Goal of the exercise: Starting with the line that contains "Bifora65_lago d'Orta_Orta_lake_lake_garden" and stopping after the line that contains "2017 Kawasaki Ninja", copy the entries below exactly. Include nothing else.

Record excerpts:
-=-=-=-=-

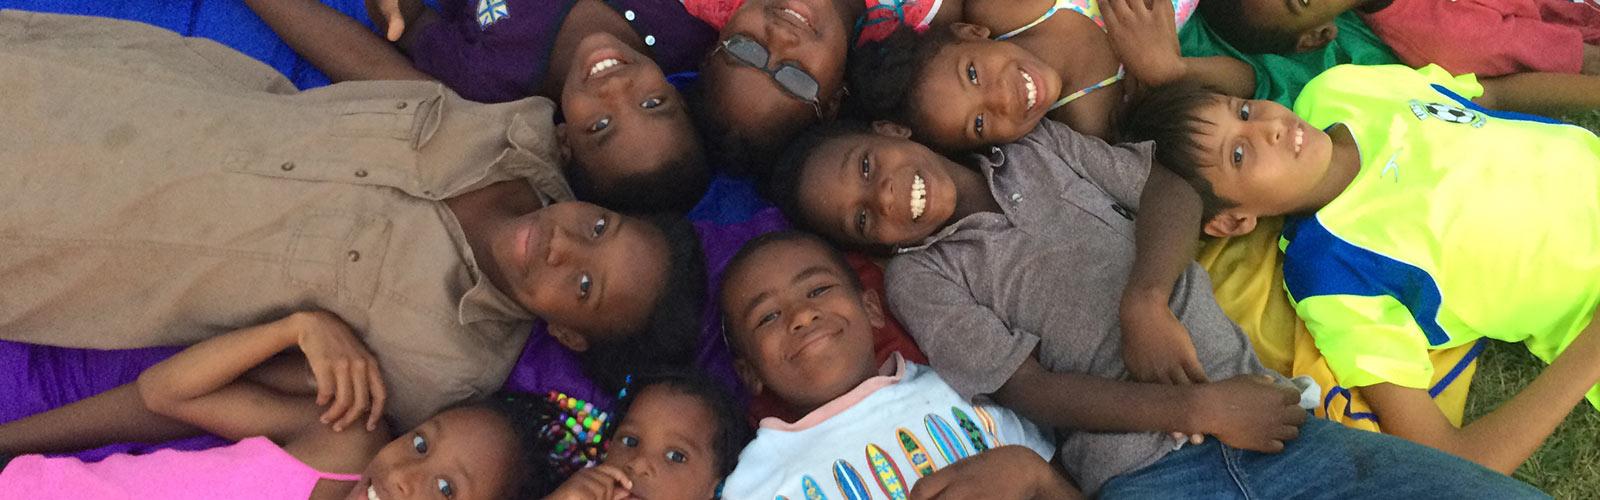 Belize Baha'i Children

-=-=-=-=-

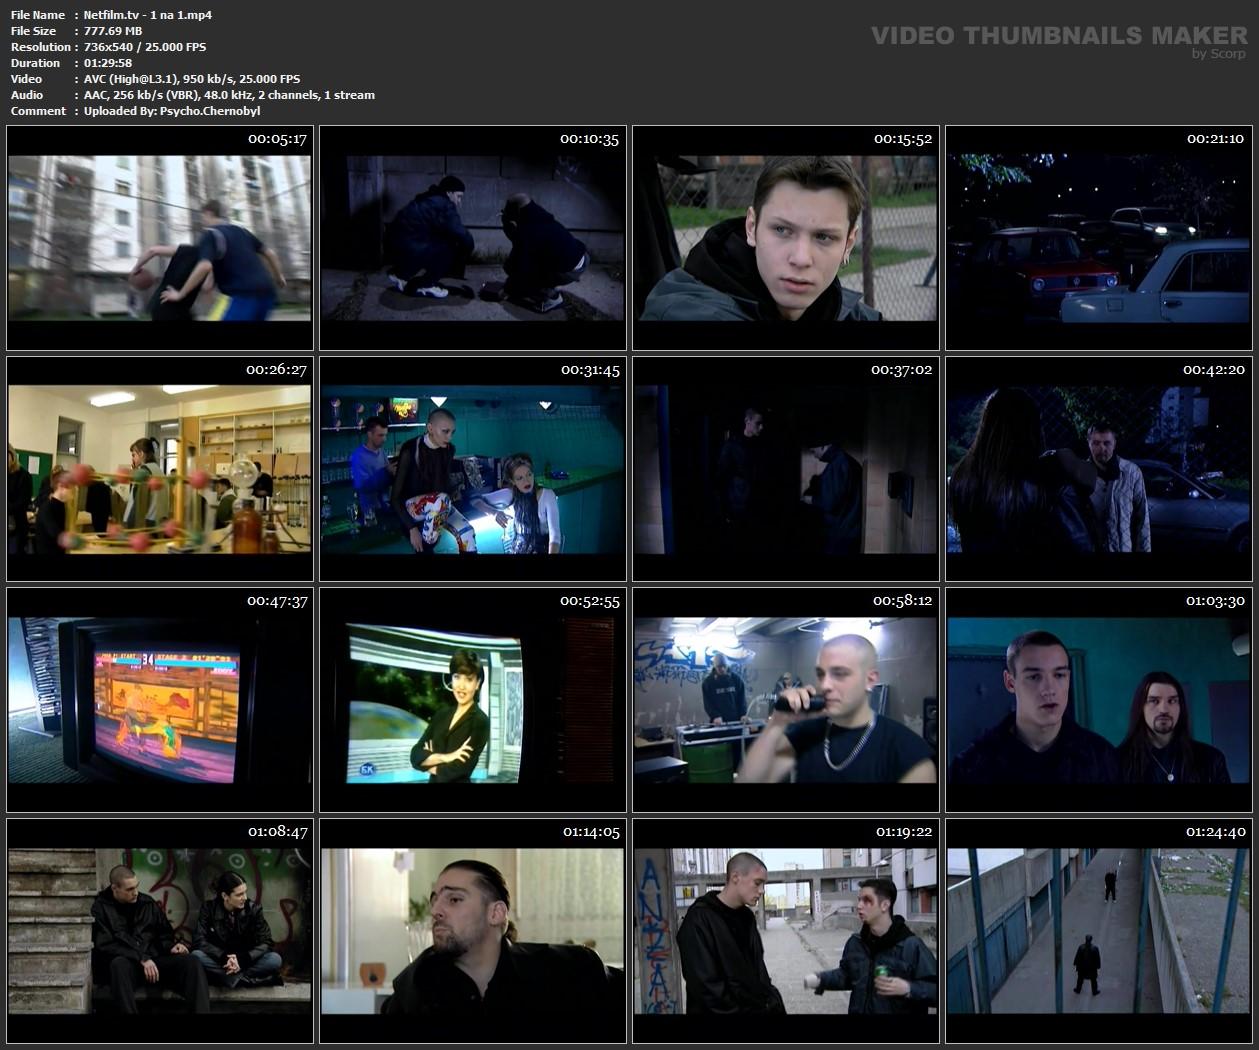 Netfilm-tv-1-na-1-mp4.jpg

-=-=-=-=-

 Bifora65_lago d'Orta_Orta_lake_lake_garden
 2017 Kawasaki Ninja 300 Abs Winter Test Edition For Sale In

-=-=-=-=-

Solution to the problem:
 Bifora65_lago d'Orta_Orta_lake_lake_garden
 2017 Kawasaki Ninja 300 Abs Winter Test Edition For Sale In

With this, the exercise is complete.